To determine the relative molecular mass (M_r) of compound X, a volatile liquid, a small volume of the pure liquid was vaporised in a suitable container - Leaving Cert Chemistry - Question 3 - 2019

At the end of the heating stage, the vapor in the flask is at its boiling point and in equilibrium with its liquid form. Since the vapor can escape through the pinhole, the pressure exerted by the vapor equals the atmospheric pressure surrounding the flask. This is supported by the presence of an open space in the apparatus allowing vapor interplay with the atmosphere.

The volume of vapor was measured using a gas syringe or graduated cylinder. Initially, the syringe was filled with a known volume of air or another gas. After vaporization, the amount of vapor displaced the air in the syringe. By measuring the final volume in the syringe, subtracting the initial volume provides the volume of the vapor contained.

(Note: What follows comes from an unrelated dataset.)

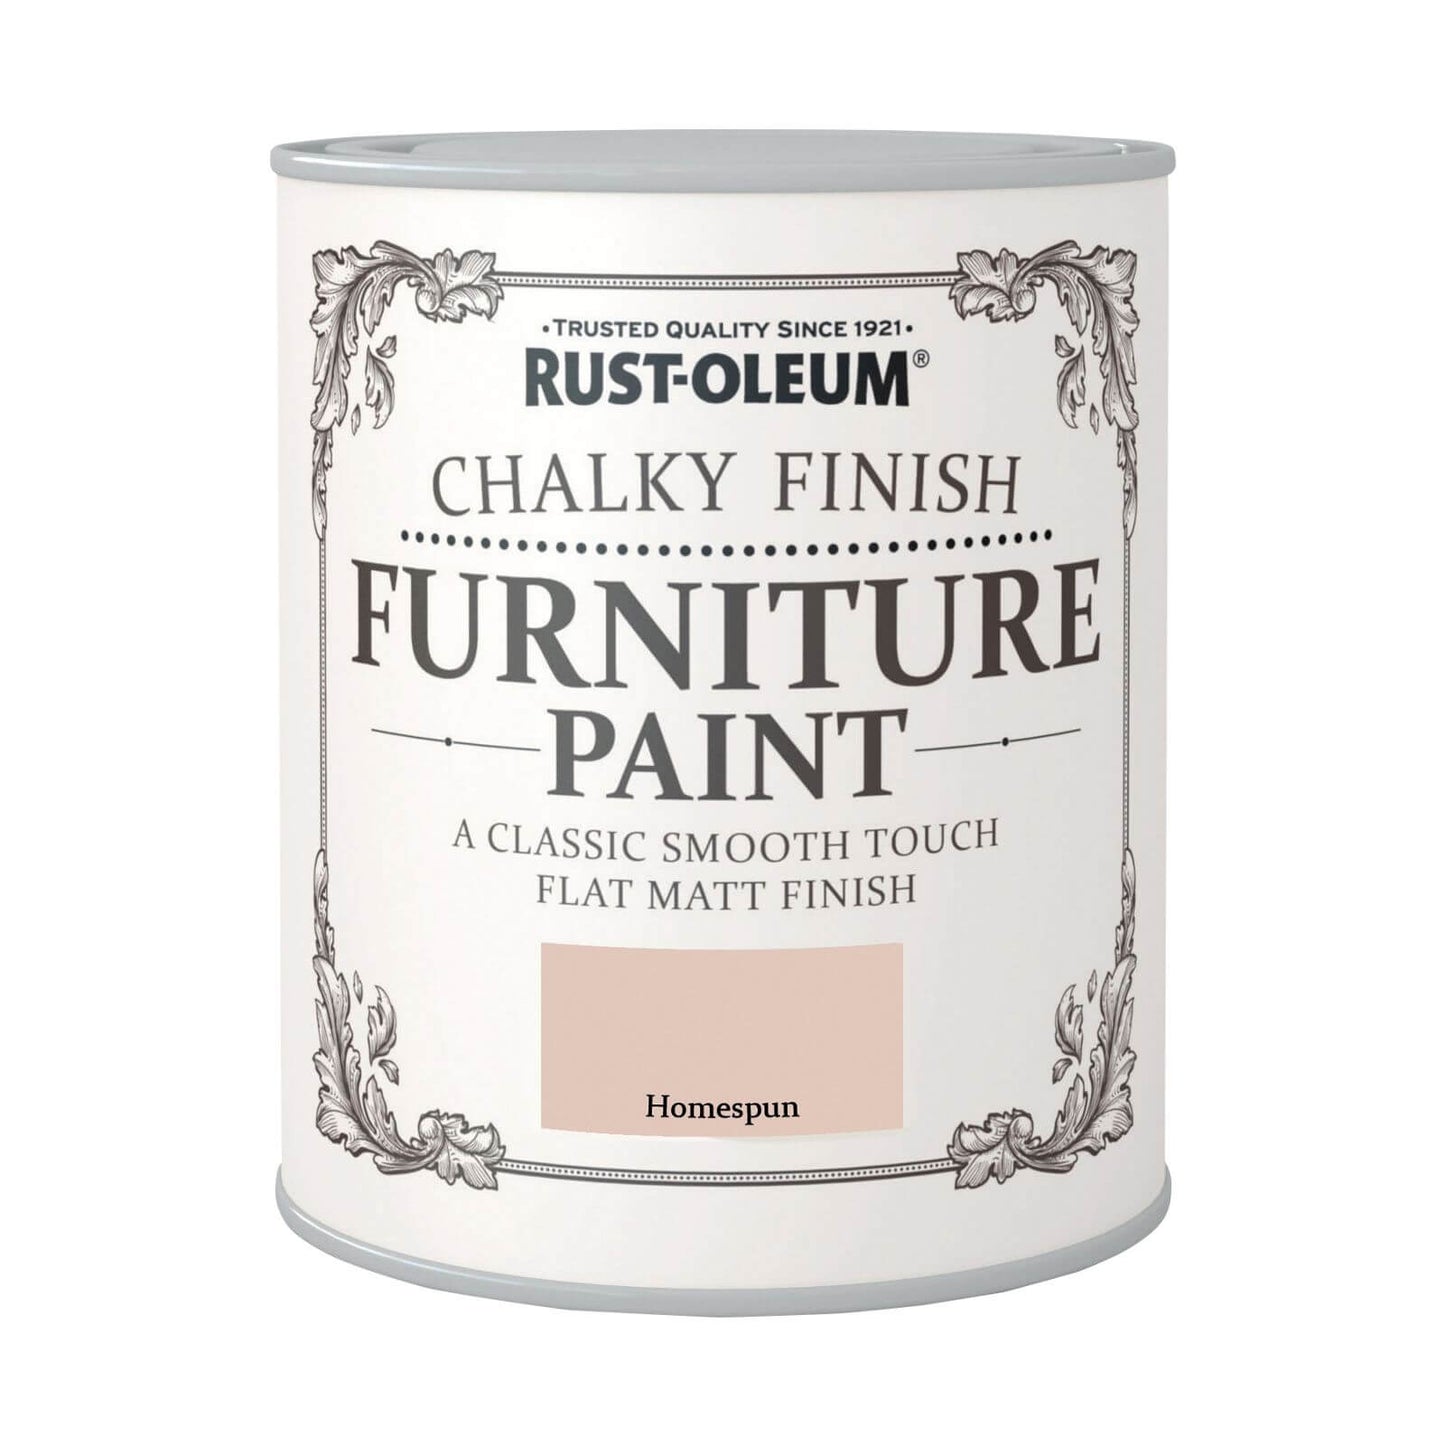 Rust-Oleum Chalky Finish Furniture Paint Homespun

To find the mass of the vapor, the mass of the flask plus the liquid and the foil lid was measured first. After the heating stage, the remaining liquid and vapor contents were weighed. The mass of the vapor is determined by subtracting the initial mass of the flask from the mass measured after the experiment, allowing for calculation of only the vapor's contribution.

To calculate the relative molecular mass, use the equation:
$n = \frac{PV}{RT}$
Given the parameters:

• Pressure (P) = 1.011 × 10⁵ Pa
• Volume (V) = 76 cm³ = 76 × 10^{-6} m³
• R = 8.31 J/(mol·K)
• Temperature (T) = 99 °C = 372.15 K
  Substituting values:
  $n = \frac{1.011 \times 10^5 \times 76 \times 10^{-6}}{8.31 \times 372.15} \approx 2.49 \times 10^{-3} \ \text{moles}$
  Then, the relative molecular mass, M_r, can be calculated as:
  $M_r = \frac{mass \ (g)}{n \ (moles)} = \frac{0.22}{2.49 \times 10^{-3}} \approx 88$.

Bromine (Br₂) has a significantly higher relative molecular mass than water (H₂O), resulting in stronger intermolecular forces. Water exhibits hydrogen bonding, which creates high cohesion and boiling point due to higher energy needed to break these interactions. Bromine molecules are only subjected to weaker van der Waals forces due to their non-polar nature, allowing them to vaporize more readily. Thus, bromine's lower boiling point (58.8 °C) compared to water (100 °C) can be attributed to these factors.